Pada Bab 3: Hukum Newton Tentang Emosi, Manson menceritakan tentang Isaac Newton, tokoh sains yang mengemukan 3 Hukum Newton. Ingin mengetahui gaya yang dihasilkan oleh nilai-nilai dan berapa massa sebuah harapan, dan yang terpenting ia ingin mengerti jalinan hubungan antara elemen-elemen tersebut. Makan Manson pun memutuskan menulis Tiga Hukum Newton tentang Emosi. Apa saja itu?
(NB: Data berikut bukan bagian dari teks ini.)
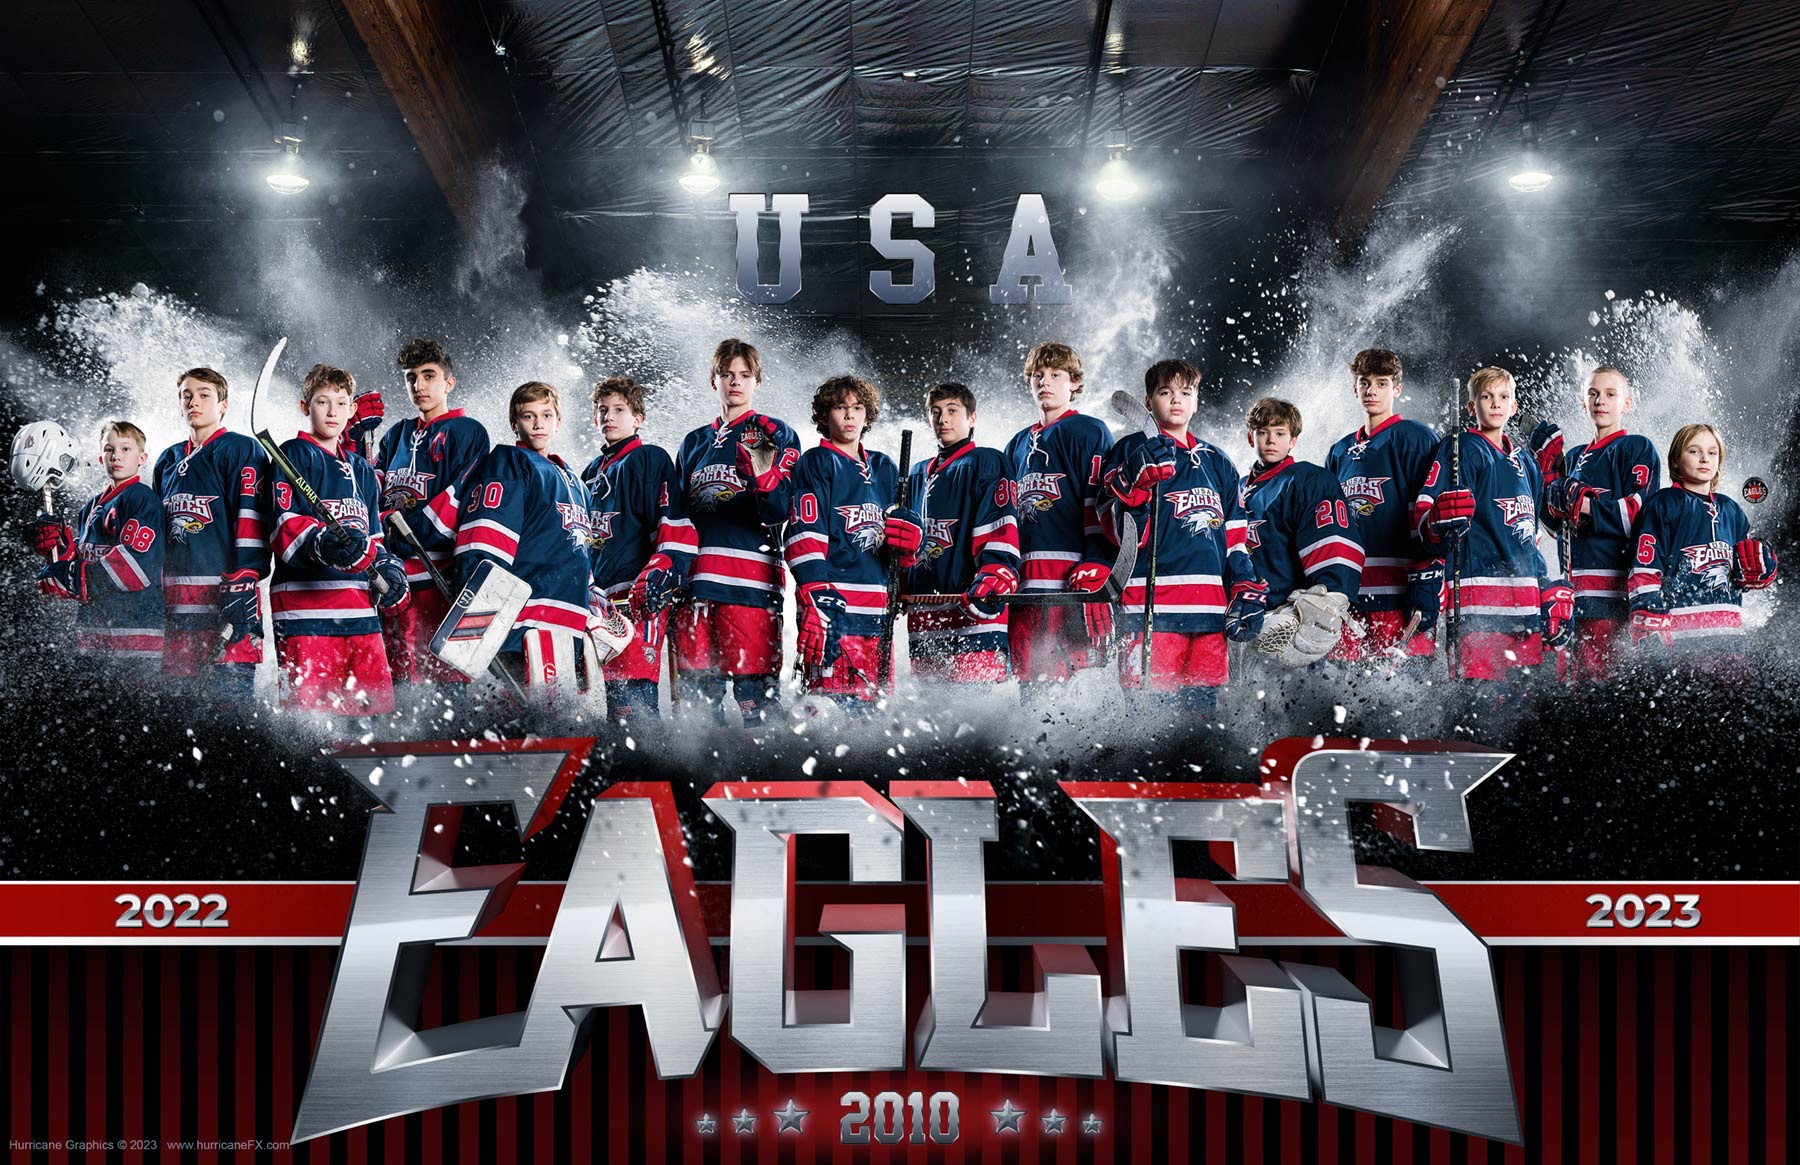 2010 USA Eagles Team Photo Feb 2023
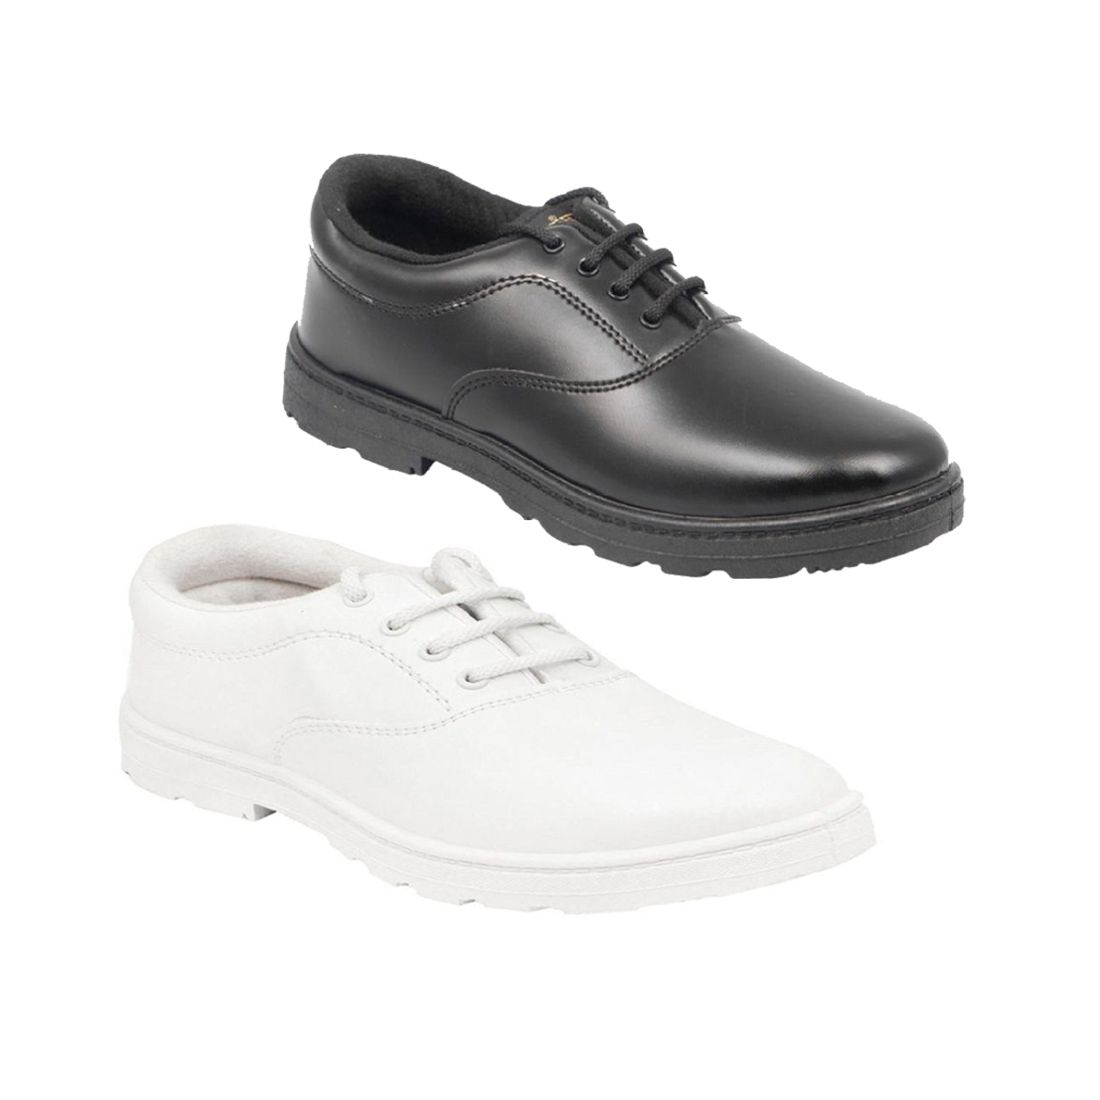 D DASS Boys School Shoes Black White

Tiga Hukum Newton tentang Emosi:
1. Setiap Tindakan Mendatangkan Reaksi Emosional dari Pihak Lawan dan Kadarnya Setara
2. Harga Diri Kita Setara dengan Total Emosi Kita Hingga Hari ini
3. Identitas Anda Akan Tetap Menjadi Indentitas Anda Hingga Sebuah Pengalaman Baru Melawannya
"Dan inilah saatnya bagi kita untuk berhenti berlari dari kekacauan itu dan justru, memeluknya.
Ini adalah dunia kita yang ambyar. Dan kita adalah salah satu penghuninya yang juga ambyar." (hlm. 141)
Manson juga membahas berkaitan dengan agama dan iman. Ia menyebutkan ada 3 tipe agama yang pembagiannya didasarkan pada perbedaan nilai Tuhannya, yaitu:
1. Agama Spritual
2. Agama Ideologis
3. Agama Interpersonal
Ada banyak uraian Manson yang membuat kita jadi merenungkan tentang makna diri kita dan bagaimana menjalani kehidupan kita.
"Amor fati, bagi Nietzsche, berarti penerimaan hidup dan pengalaman kita dengan tanpa syarat; segenap pengalaman naik dan turun, yang bermakna dan yang tak berarti. Itu berati menicintai luka-luka, memeluk derita. Itu berarti menutup jarak yang memisahkan antara harapan dan kenyataan, bukan dengan cara mengejar lebih banyak lagi harapan, tapi dengan mengharapkan yang senyatanya." (hlm. 170)
Di bagian akhir, dalam bagian "Andai Saya Berani...," Manson mengungkapkan meskipun kita menghadapi banyak kesulitan hari ini dan esok, ia memberi kesempatan bagi dirinya untuk berani mengutarakan harapan....
"Barangkali kelak, kita cuma menyadari tapi juga pada akhirnya memeluk Kebenaran yang Menggelisahkan: bahwa kita membayangkan makna diri kita sendiri, kita menemukan tujuan diri kita sendiri, dan kita tetap dan seterusnya, bukan siapa-siapa." (hlm. 308).
Aku harus memahami uraian Manson ketika menyampaikan pandangan dan penelitian dari tokoh-tokoh filsuf, untunglah Manson membumbui dengan gaya humornya dan memberikan contoh-contoh kisah yang familiar dan sebagian sesuai dengan kondisi saat ini.
Jujur saja, buatku, membaca buku kedua Mark Manson, bukan hal mudah. Aku yang terbiasa melahap buku fiksi (novel), harus berjuang untuk menyelesaikannya. Sempat nyaris menyerah, berhenti di tengah jalan lalu setelah beberapa waktu, melanjutkan kembali. Dan, aku cukup bangga, ketika akhirnya berhasil menyelesaikannya. Sepertinya, aku memang harus terus mengekloprasi kembali genre bacaanku untuk semakin menambah pengalaman bacaku.